Seven days later (t1), participants completed only the BPII 2.0-CF, either on paper via postal mail or online through the Research Electronic Data Capture (REDCap; Vanderbilt University) platform. The final assessment (t2), including both questionnaires, was completed during the 6-month follow-up visit.
Sample Size and Statistical Analysis
Following guidelines established by the Consensus-based Standards for the Selection of Health Measurement Instruments, 10 the following psychometric properties of the French version of the BPII 2.0 were analyzed: construct validity, internal consistency, test-retest reliability, and responsiveness.
A target sample size of 41 participants was calculated to evaluate these criteria, based on an alpha error rate of .05, power of 0.80, and a 10% expected attrition rate. Psychometric property validation of the BPII 2.0-CF was carried out by comparing it with the Kujala score.
Normality of distribution was assessed through visual inspection of histograms and QQ plots, as well as the Shapiro-Wilk test, with a significance threshold set at .05. Appropriate statistical tests were selected based on the distribution characteristics. All coefficients were reported with 95% CI. A pairwise deletion method was applied to missing data, as visual inspection confirmed a missing at random pattern.
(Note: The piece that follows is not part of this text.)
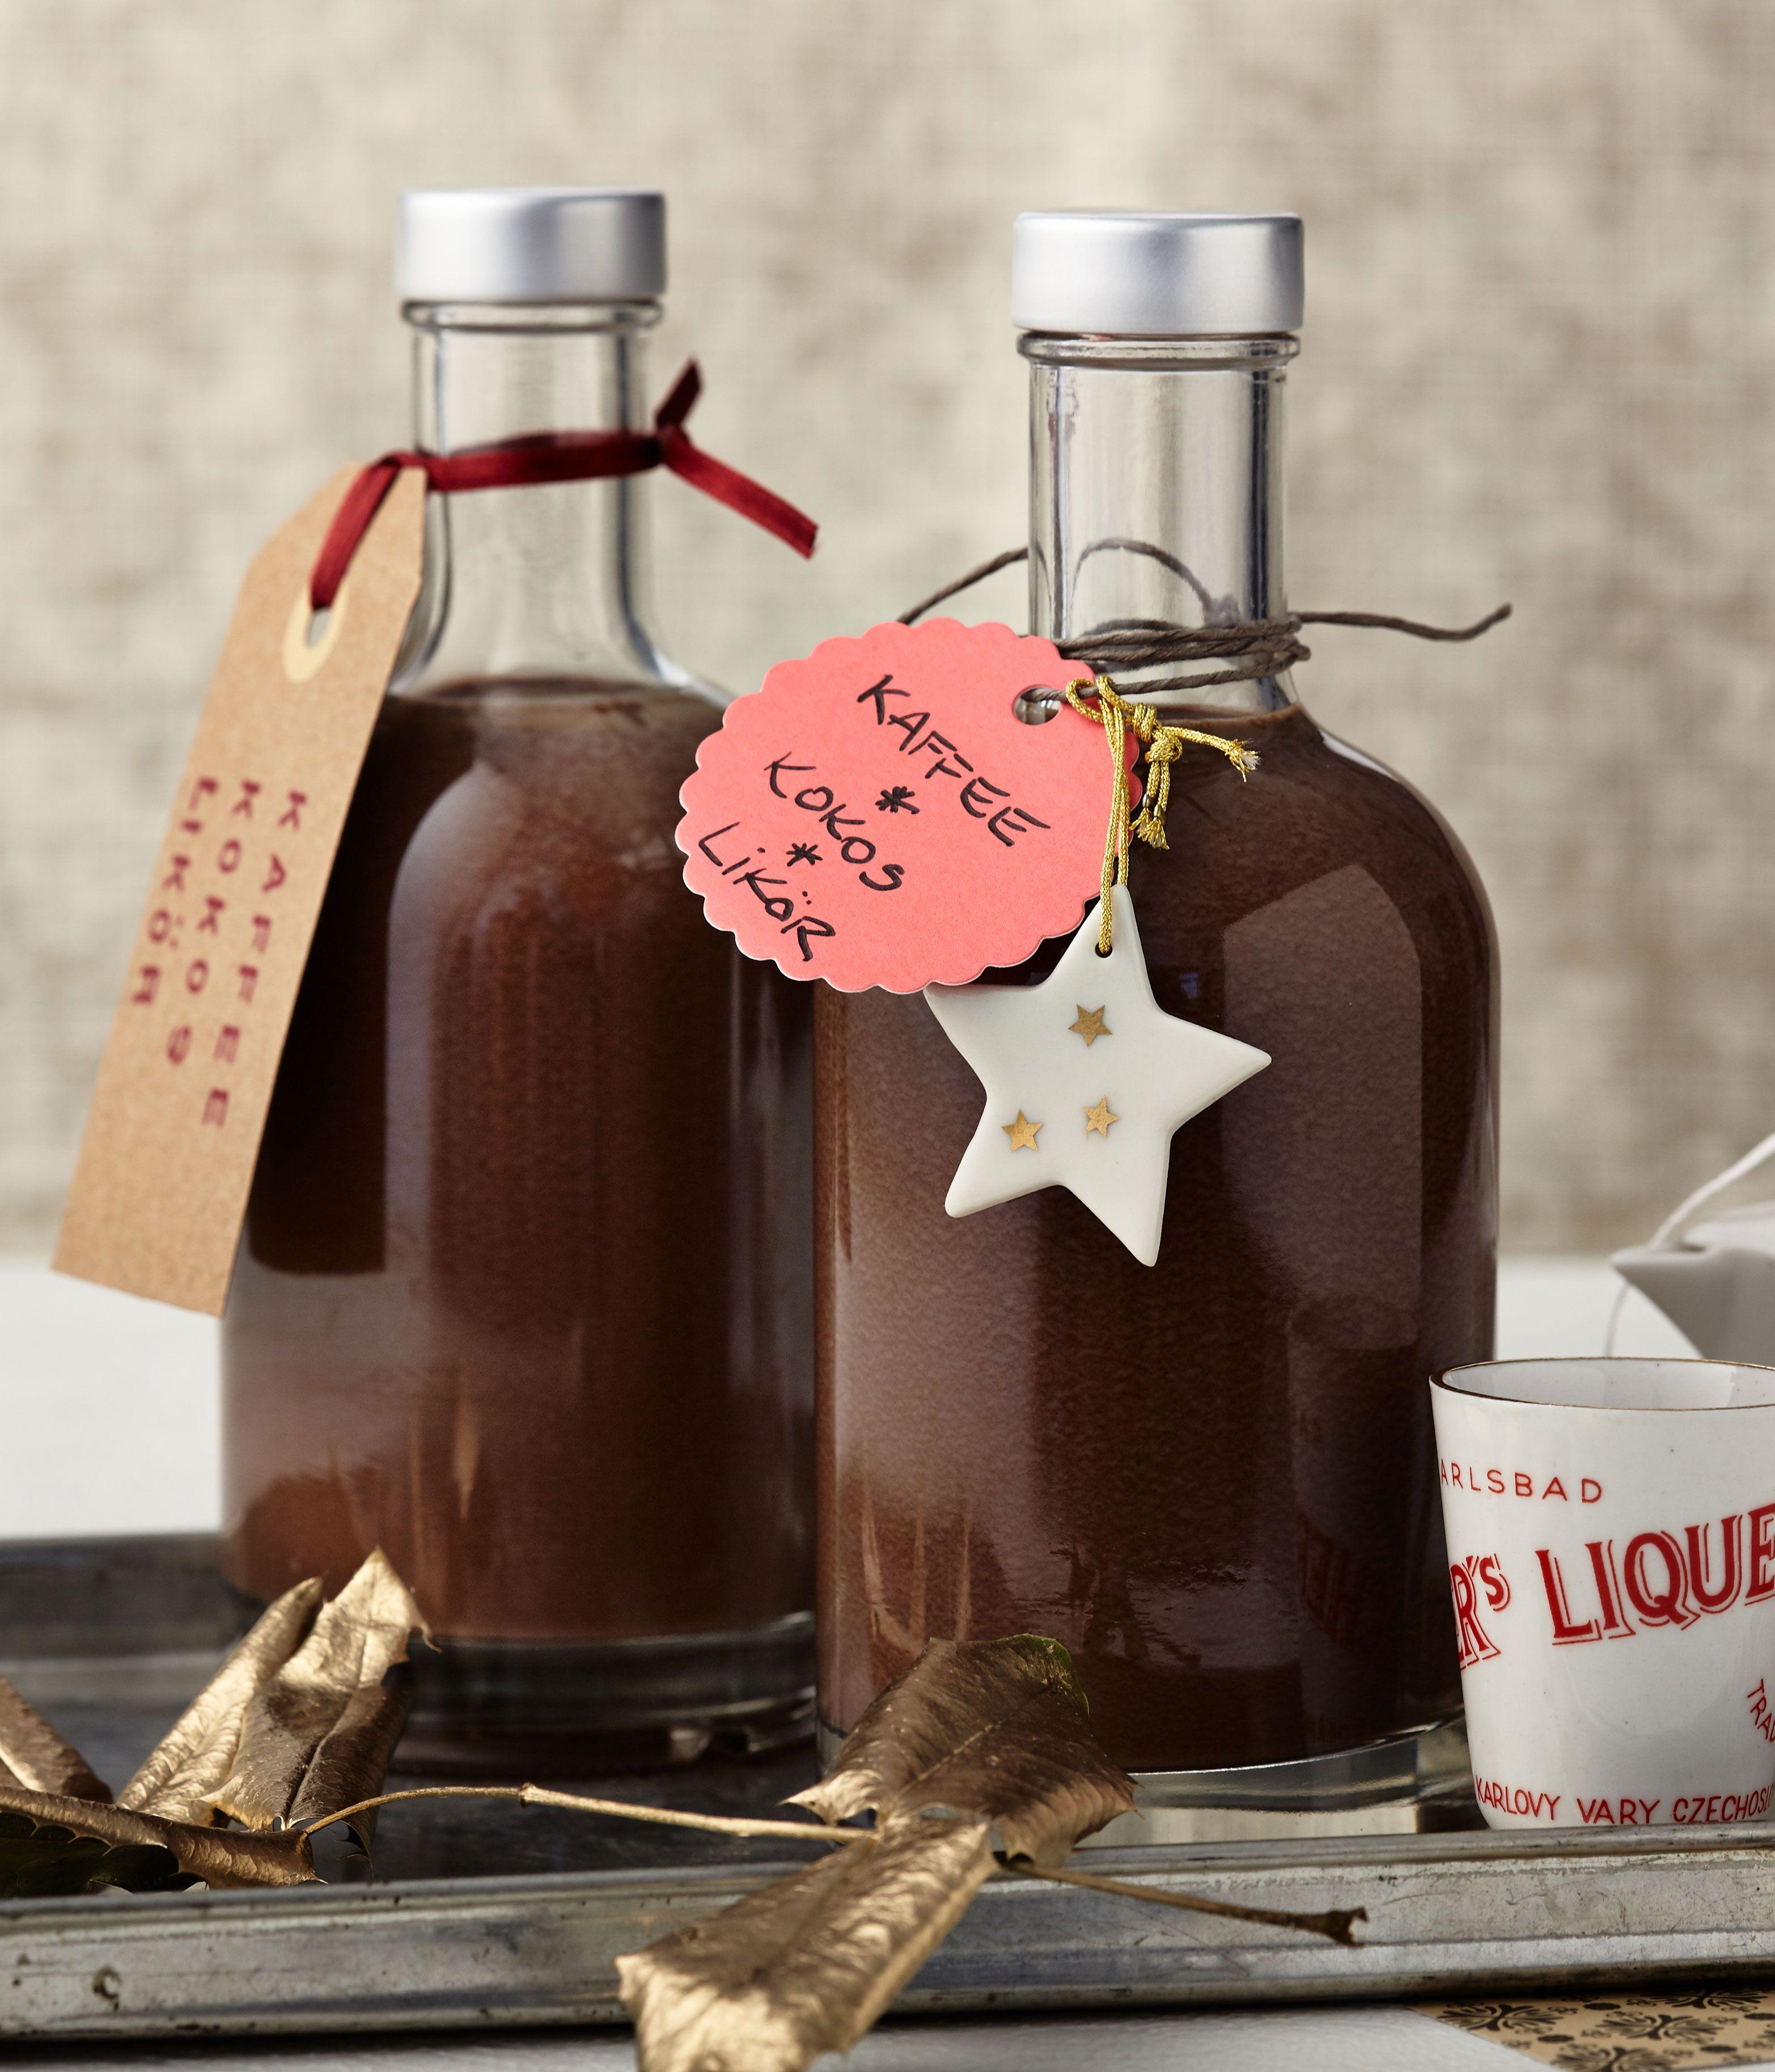 Schneller Kaffee-Kokos-Likör   Rezept   Liköre, Getränke und Sirup

Construct validity (convergent validity) was evaluated by correlating each patient’s BPII 2.0-CF score with his or her Kujala score at t0, using Spearman rho nonparametric correlation coefficient. Correlation values were interpreted as follows, based on previously published thresholds: <0.3 = poor; 0.3 to 0.65 = fair; 0.66-0.8 = moderately strong; >0.8 = very strong; and 1 = perfect.1,7
Internal consistency was assessed by analyzing the intercorrelation between the 23 questionnaire items at t0. Cronbach alpha was calculated, with values between .70 and .90 considered acceptable. 25
Test-retest reliability was determined using the intraclass correlation coefficient (ICC), based on paired data collected at t0 and t1 for the same patients. A 2-way mixed-effects model with absolute agreement and single measurement was used, corresponding to ICC (3,1). Based on previously published thresholds, ICC values <0.50 were defined as poor, between 0.50 and 0.75 as moderate, between 0.76 and 0.9 as good, and >0.9 as excellent. 16 According to established thresholds, standard error of measurement (SEM) = SD ×√(1 − ICC) and minimal detectable change at 95% confidence (MDC95) = 1.96 ×√2 × SEM. 5 An approximation of the minimal clinically important difference (MCID) was also calculated using a distribution-based method by dividing the baseline standard deviation by 2, because no anchor item was included in the patient questionnaire. 20
Responsiveness was analyzed by comparing BPII 2.0-CF scores at t0 and t2 using the nonparametric Wilcoxon signed-rank test. Rank-biserial correlation was reported as the effect size, with 95% CI. Effect size magnitudes were interpreted as follows: ≥0.20 was considered small, ≥0.50 medium, and ≥0.80 large. 8
Floor and ceiling effects were computed as the percentage of scores at the minimal (0) and maximal (100) ends of the BPII 2.0-CF scale. A threshold of 15% was set a priori for defining significant floor or ceiling effects, as commonly cited in the literature. 25
All statistical analyses were performed using SPSS Version 30.0.0.0 (IBM Corp). A significance level of P≤ .05 was applied to all tests.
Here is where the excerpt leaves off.